The Mel Robbins PodcastSurprising Signs of Anxiety and How to Heal It | The Mel Robbins Podcast
At a glance
WHAT IT’S REALLY ABOUT
Healing Anxiety’s Hidden Roots: From Childhood Alarm To Body-Based Calm
- Mel Robbins and Dr. Russell Kennedy continue their Anxiety Toolkit series, reframing anxiety not as a lifelong mental illness but as a body-based ‘alarm’ originating in childhood moments of feeling unsafe or separate. They argue that most conventional approaches over-focus on thoughts and coping, while the real healing work happens in the nervous system and stored emotional memories in the body.
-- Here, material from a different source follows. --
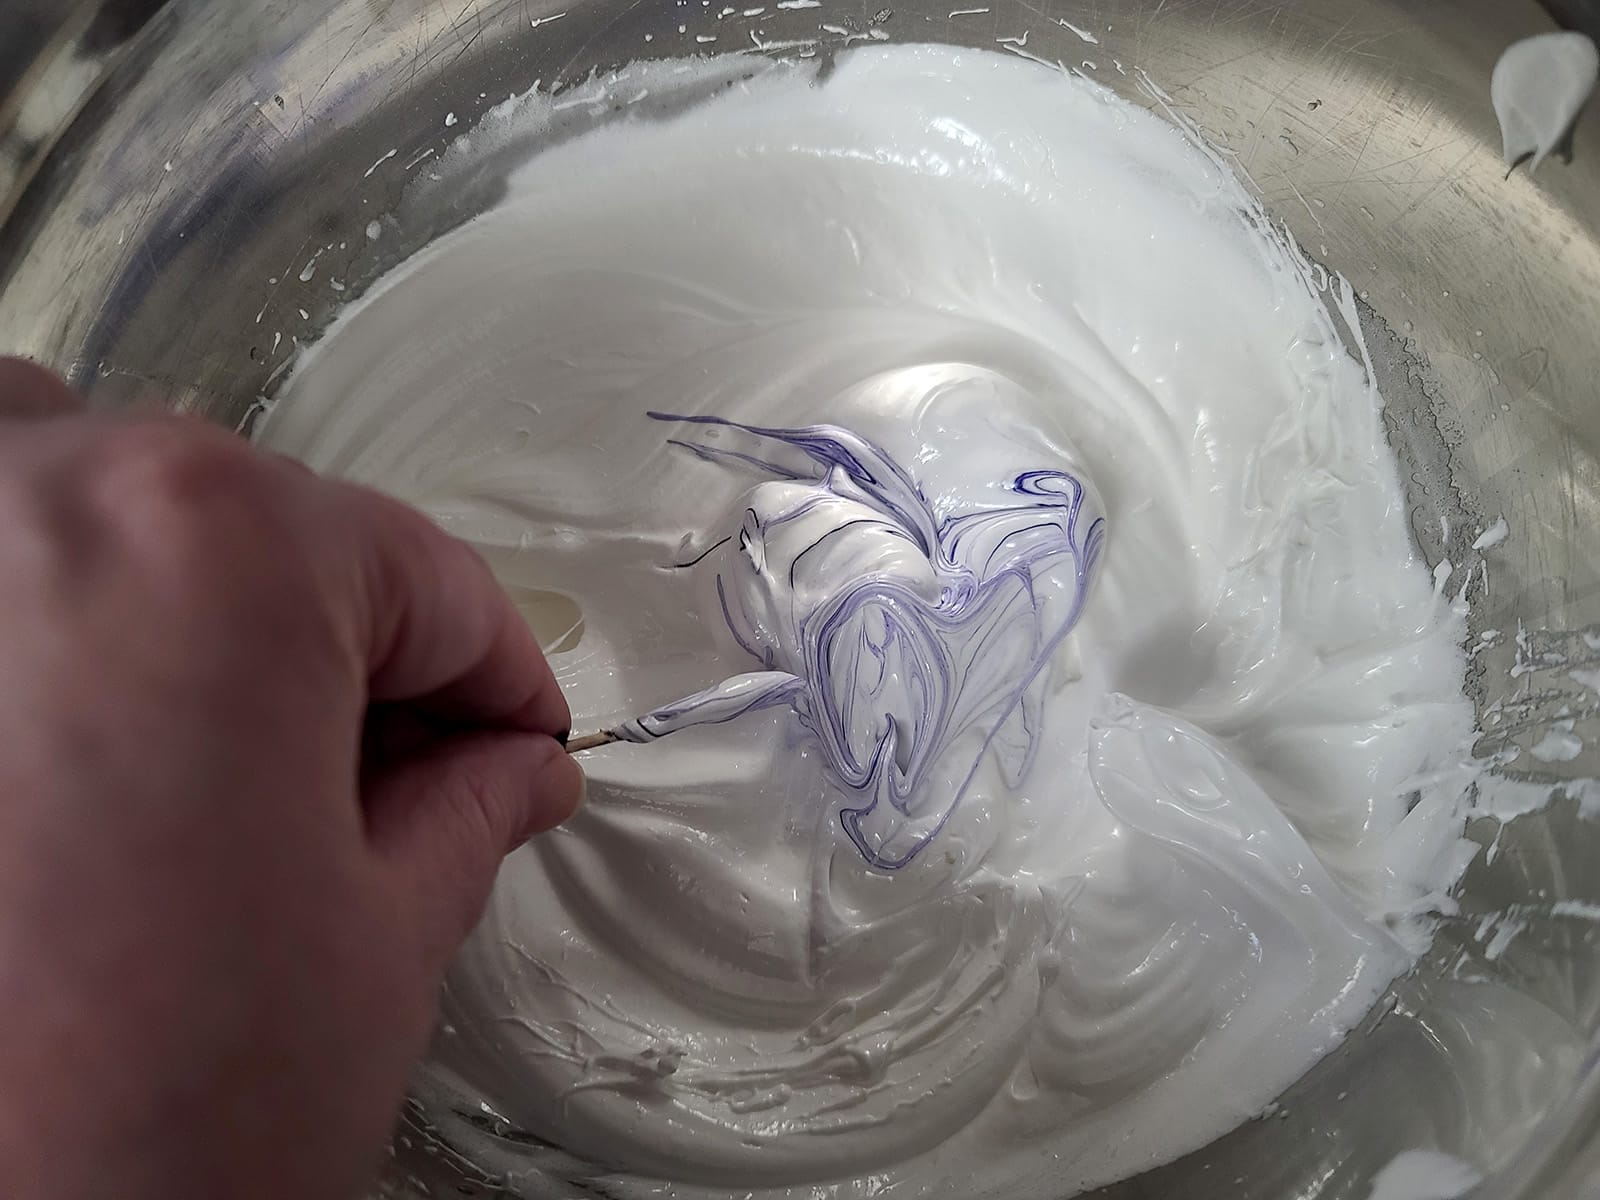 Purple food colouring being swirled into the whipped egg whites.

The episode highlights practical somatic tools—breathwork, touch, movement, and self-compassion—to soothe the alarm and reconnect with the “younger self” carrying unresolved fear. They also address sleep-related anxiety, generational patterns in families, subtle signs of anxiety in parents, and how breaking the cycle in adults transforms children’s well-being.
IDEAS WORTH REMEMBERING
5 ideasTreat anxiety as an alarm in your body, not a thought problem in your head.
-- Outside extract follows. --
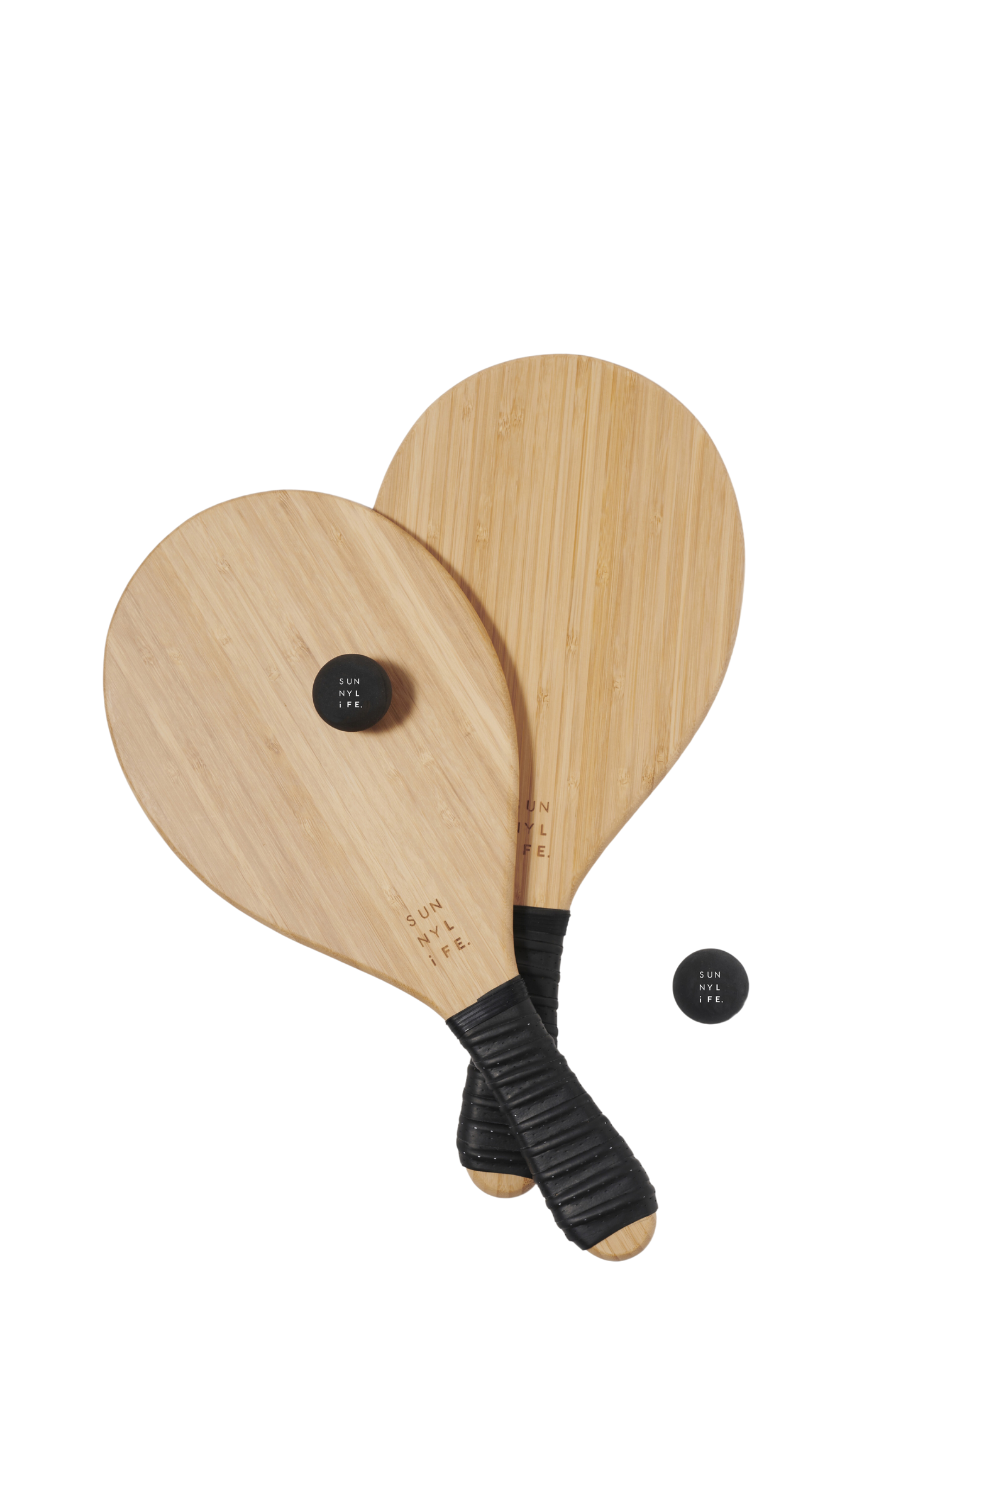 Sunnylife Bamboo Beach Paddles - black and natural wood - summer pop up shop exclusive

According to Dr. Kennedy, chronic anxiety is usually unresolved fear stored in the nervous system from childhood moments of feeling unsafe or separate. Thoughts are your brain’s attempt to make sense of this body alarm; real healing starts by locating and soothing the physical sensations (tight chest, pit in stomach, lump in throat), not by endlessly analyzing your worries.
Use a two-pronged approach: coping for now, somatic healing for the root cause.
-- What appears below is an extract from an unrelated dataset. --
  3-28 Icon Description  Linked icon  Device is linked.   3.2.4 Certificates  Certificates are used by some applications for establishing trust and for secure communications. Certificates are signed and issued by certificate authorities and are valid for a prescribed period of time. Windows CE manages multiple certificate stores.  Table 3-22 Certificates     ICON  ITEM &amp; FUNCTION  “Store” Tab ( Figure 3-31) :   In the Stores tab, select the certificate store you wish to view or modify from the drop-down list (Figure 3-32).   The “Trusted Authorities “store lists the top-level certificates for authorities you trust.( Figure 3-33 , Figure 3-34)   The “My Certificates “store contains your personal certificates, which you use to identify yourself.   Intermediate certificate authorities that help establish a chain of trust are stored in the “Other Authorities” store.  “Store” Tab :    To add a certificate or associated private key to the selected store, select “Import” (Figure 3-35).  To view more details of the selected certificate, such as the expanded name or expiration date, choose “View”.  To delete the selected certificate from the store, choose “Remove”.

Sleep hygiene, blue-light limits, CBT, meditation, and yoga are valuable coping tools, but they mostly manage symptoms. To dismantle the alarm, you must work below the neck—breathing into the tense area, placing a hand on it, feeling the discomfort, and compassionately attending to the younger self whose fear is stored there.
When anxiety spikes—especially at night—come back to the present moment and your safety.
If you wake up with racing thoughts, connect to the body sensation, place your hand there, breathe, and ask, “Am I safe in this moment?” or state “I am safe in this moment.” Pair that thought with the felt sense of safety, using tools like the physiological sigh (two short inhales, one long exhale) to shift your nervous system toward calm.
Break rumination by changing your physiological state, not by thinking harder.
Once the mind is spiraling worst-case scenarios, it has strong inertia. Interrupt it with a pattern-breaker like Mel’s 5‑second rule (5‑4‑3‑2‑1, then move), the physiological sigh, going for a walk, or any physical action; movement and sensation shift your brain chemistry and make calmer thoughts possible.
To stop passing anxiety to your kids, heal your own alarm first.
Anxiety isn’t strongly genetic, but sensitivity plus anxious, dysregulated parenting conditions kids into alarm. Dr. Kennedy focuses on treating the parents: when adults regulate their own nervous systems and become more emotionally available, children feel safer and the family’s anxiety pattern naturally softens.
WORDS WORTH SAVING
5 quotesYou don’t have to cope with anxiety for life—you can heal it.
— Dr. Russell Kennedy
I stopped talking about my anxiety and got below the neck—that’s when everything changed.
— Mel Robbins
Your body has no concept of words. Its language is feeling.
— Dr. Russell Kennedy
Anxiety is always about the future. Healing happens in the present-moment sensation of your body.
— Dr. Russell Kennedy
Anxiety in a family is not about the kids. It’s about the adults.